» **Brief**
Go to the line below that has "20191125_1903_yiban_screenshot.png", print it and each line after it exactly, and stop after the line that has "Istituto di Gestalt"; leave out pictures.

» **Raw data**
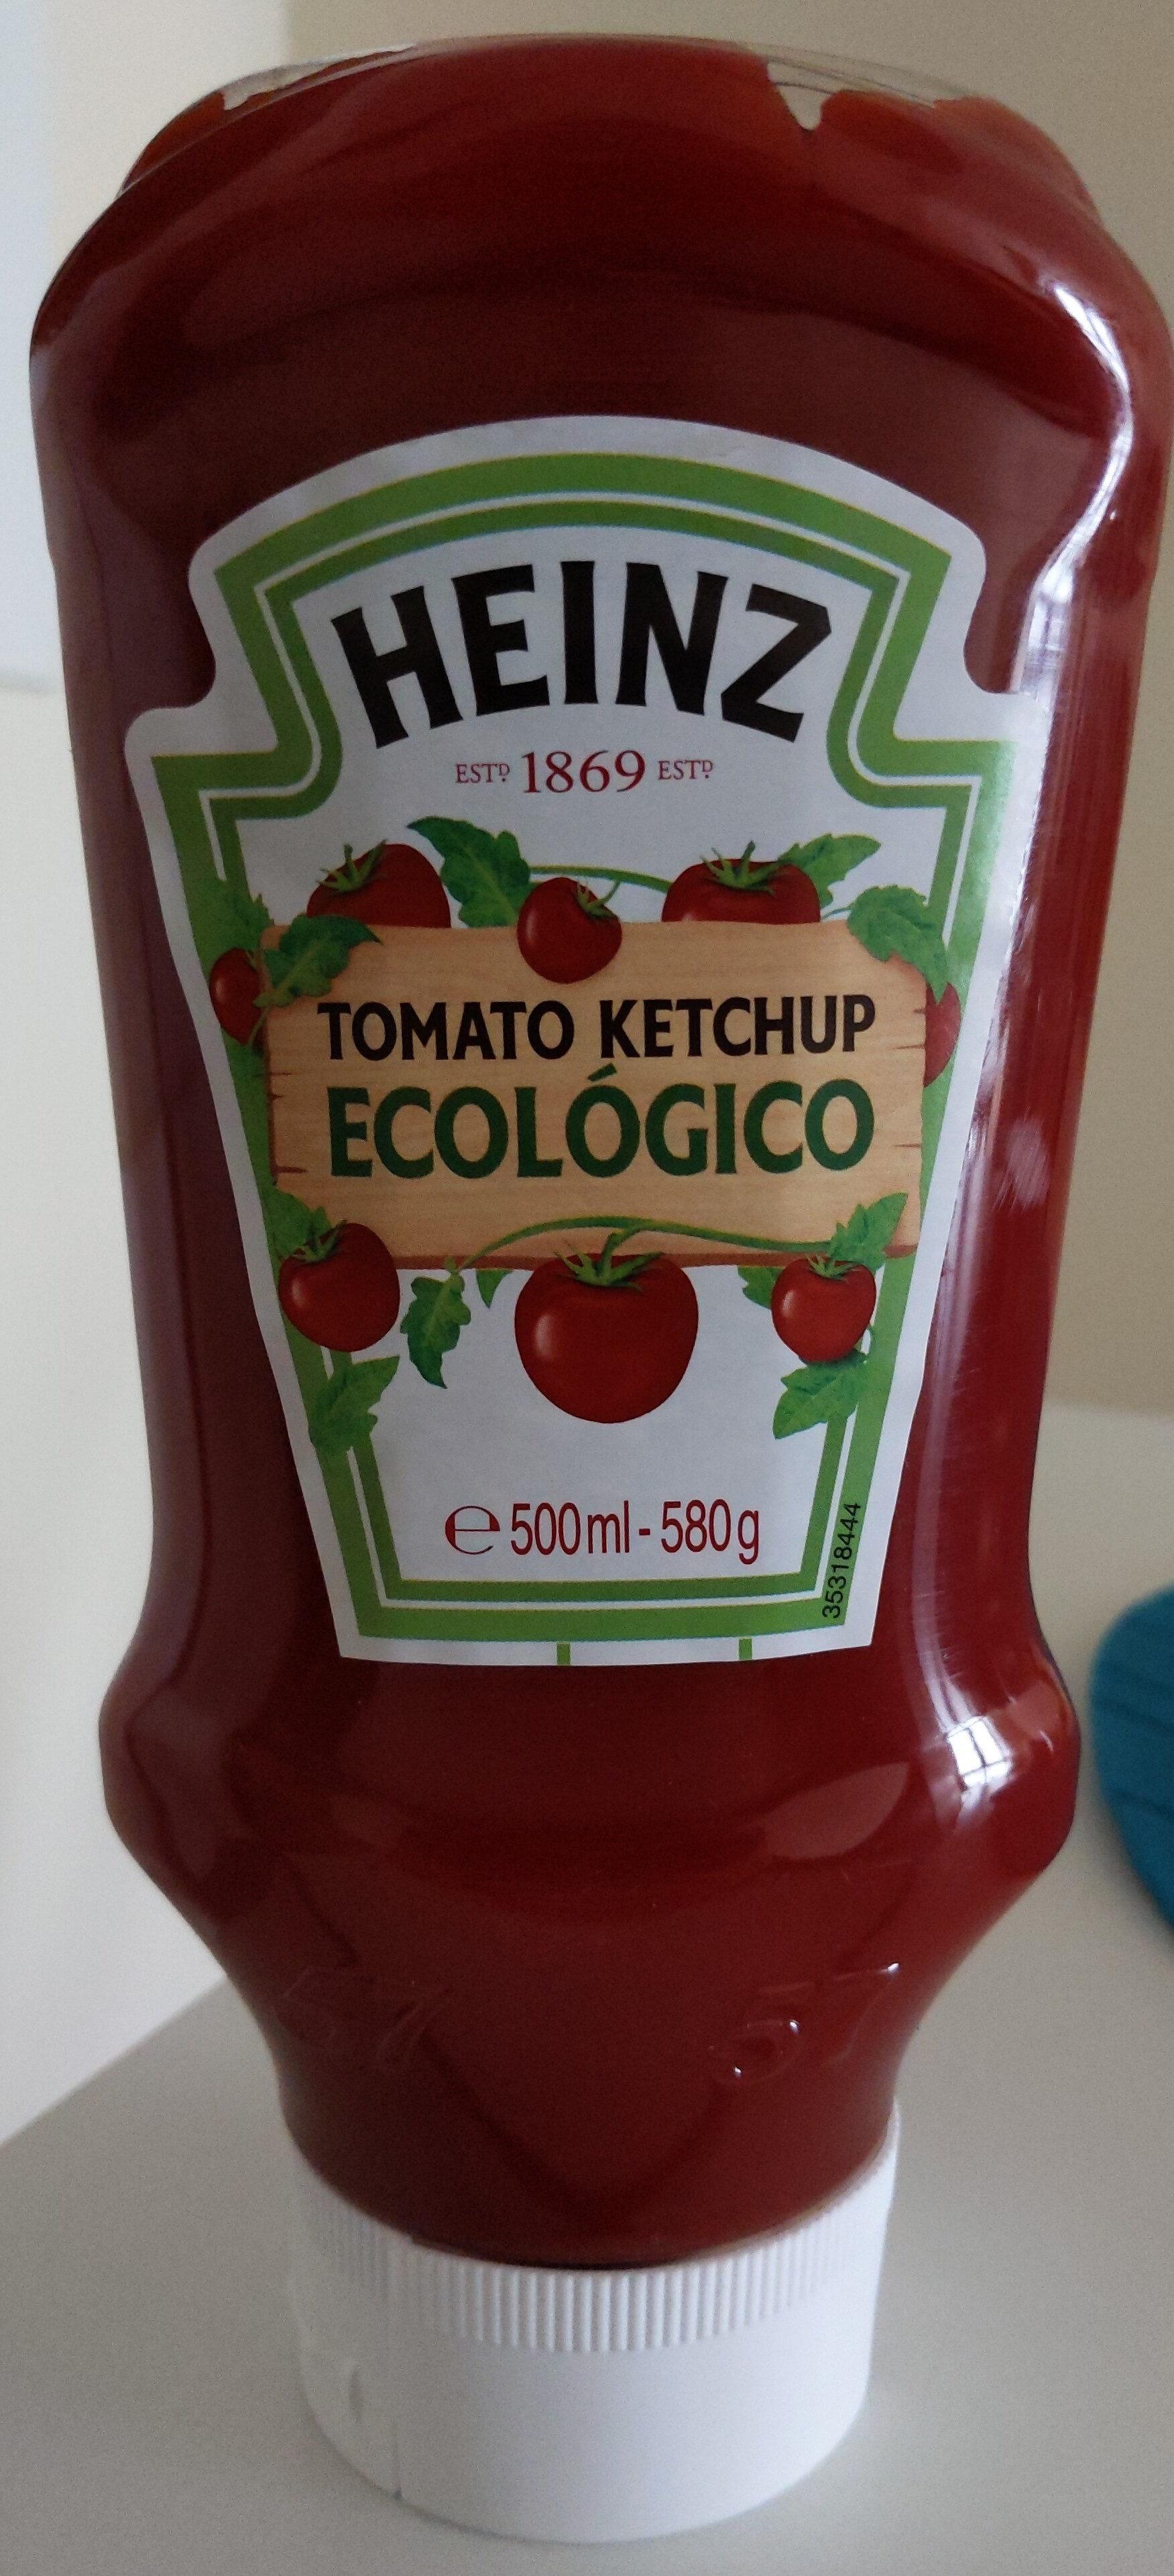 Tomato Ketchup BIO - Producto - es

...

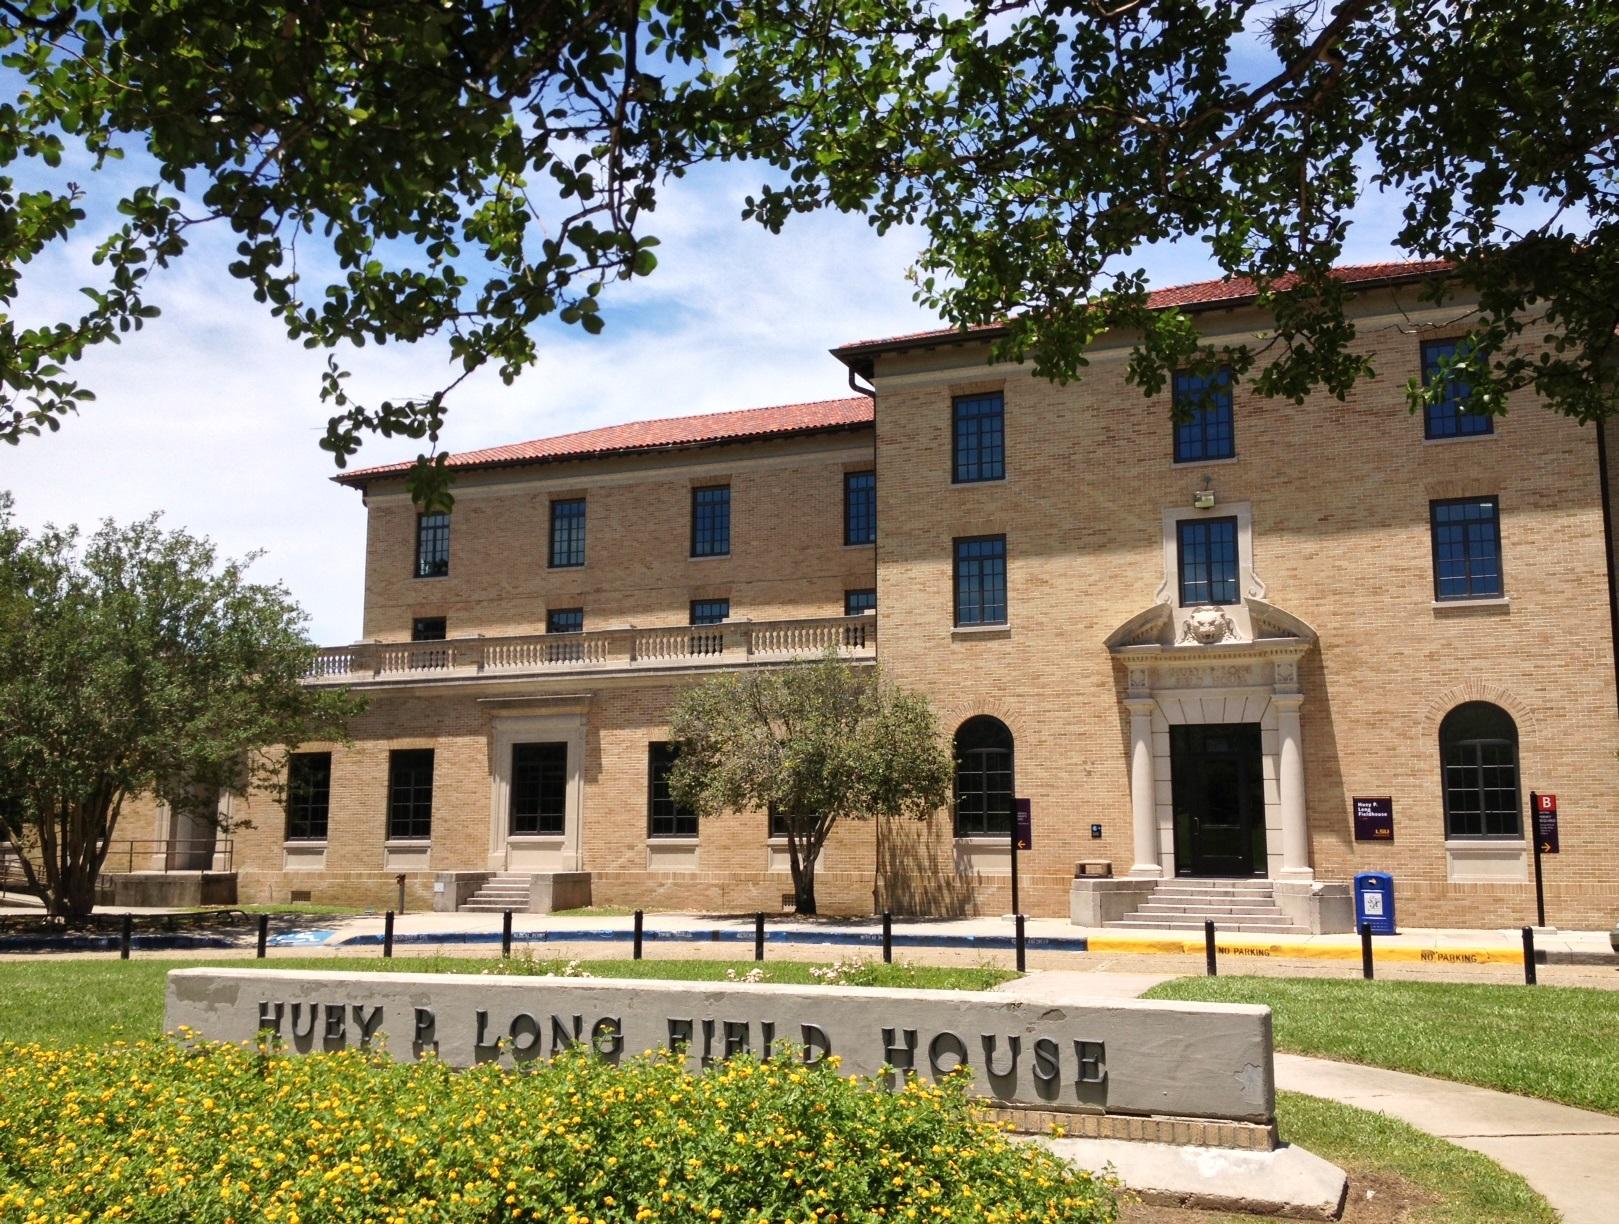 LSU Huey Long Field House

...

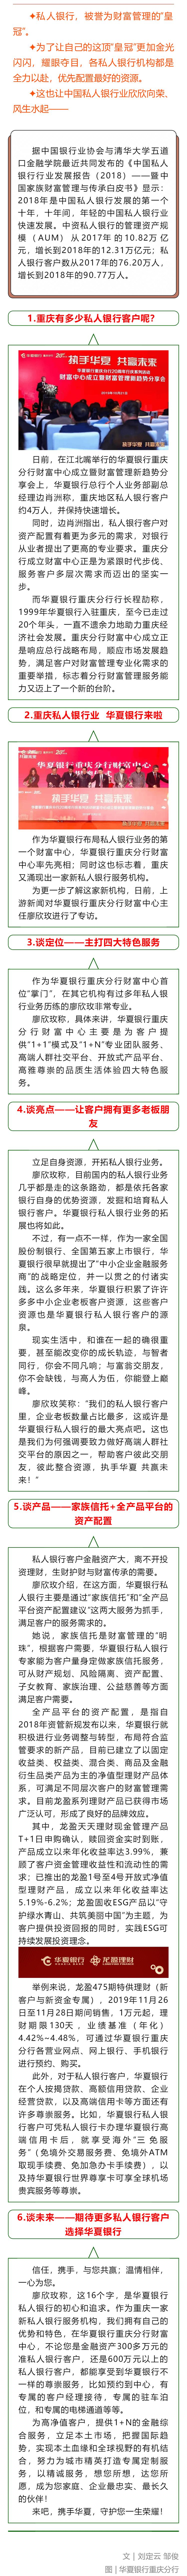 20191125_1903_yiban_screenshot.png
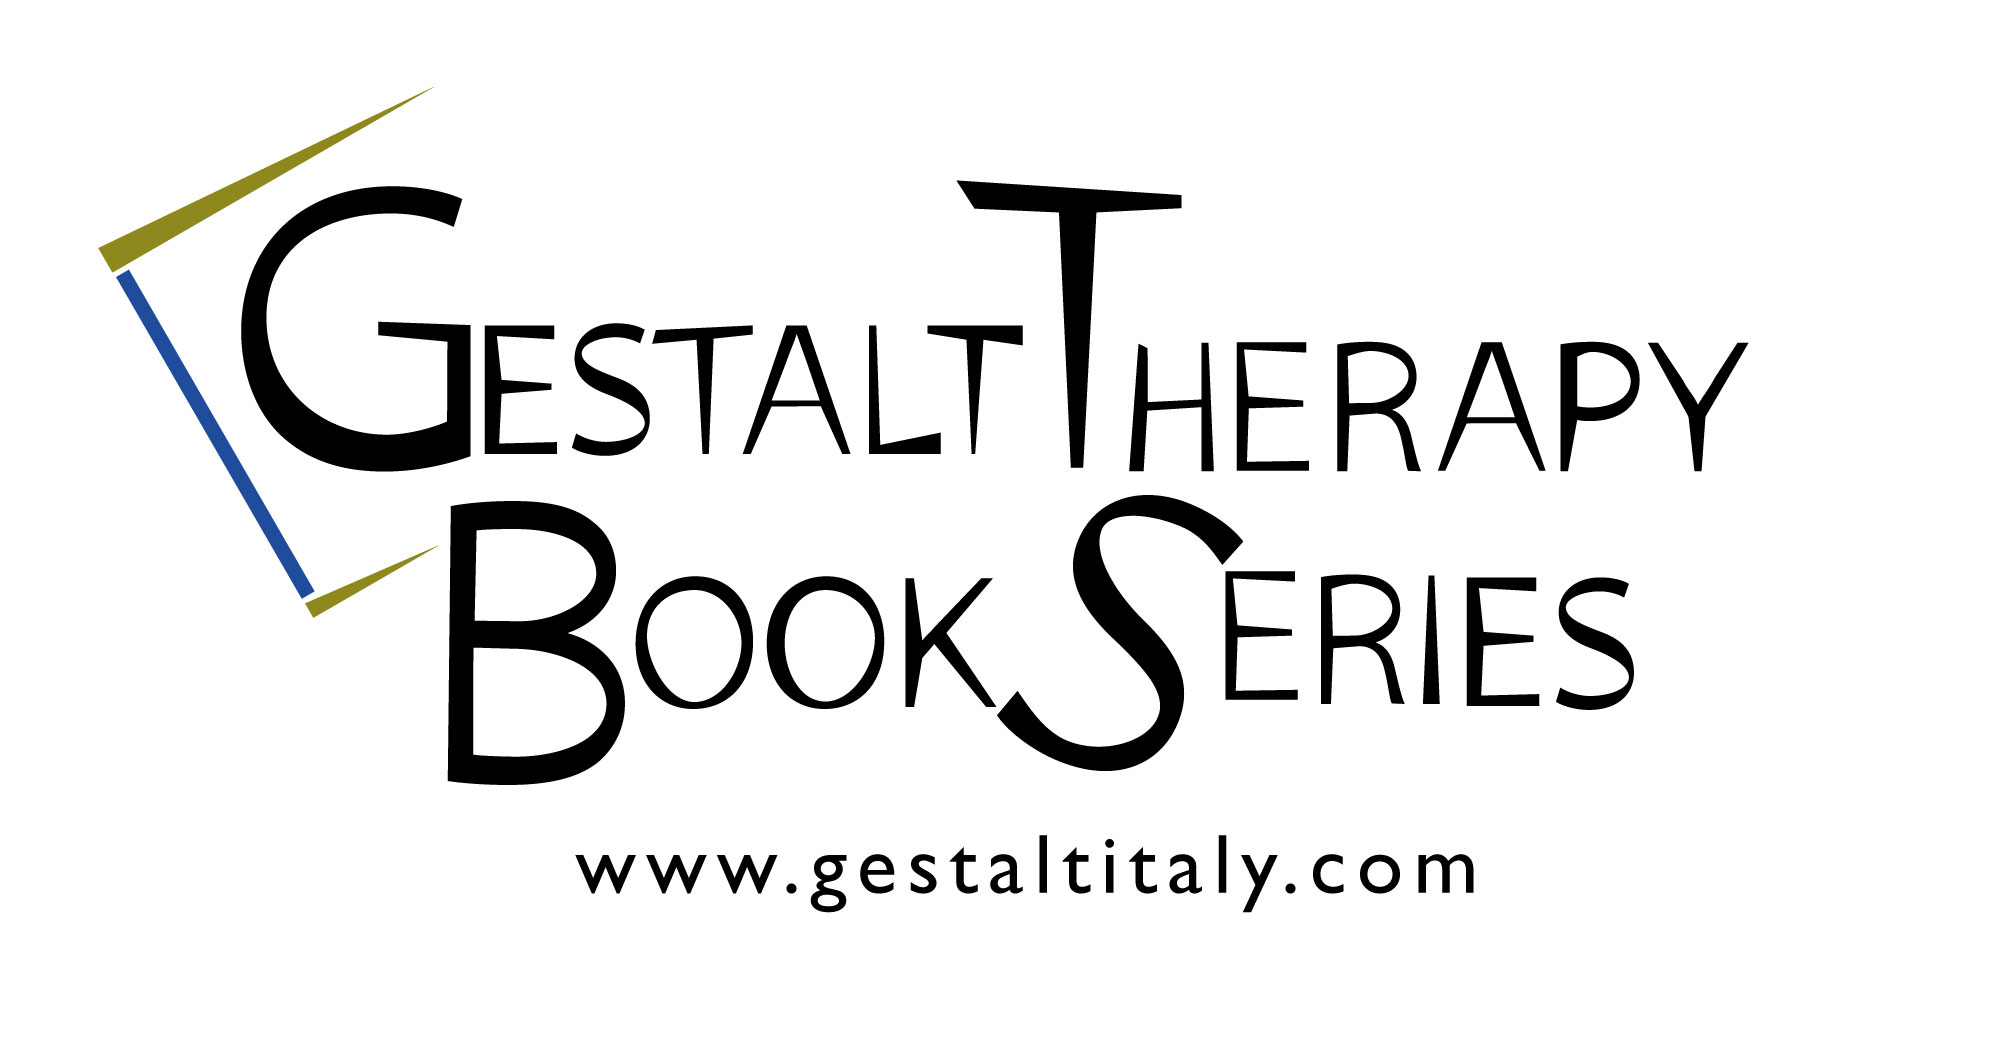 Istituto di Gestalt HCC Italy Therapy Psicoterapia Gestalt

» **Exercise output**
 20191125_1903_yiban_screenshot.png
 Istituto di Gestalt HCC Italy Therapy Psicoterapia Gestalt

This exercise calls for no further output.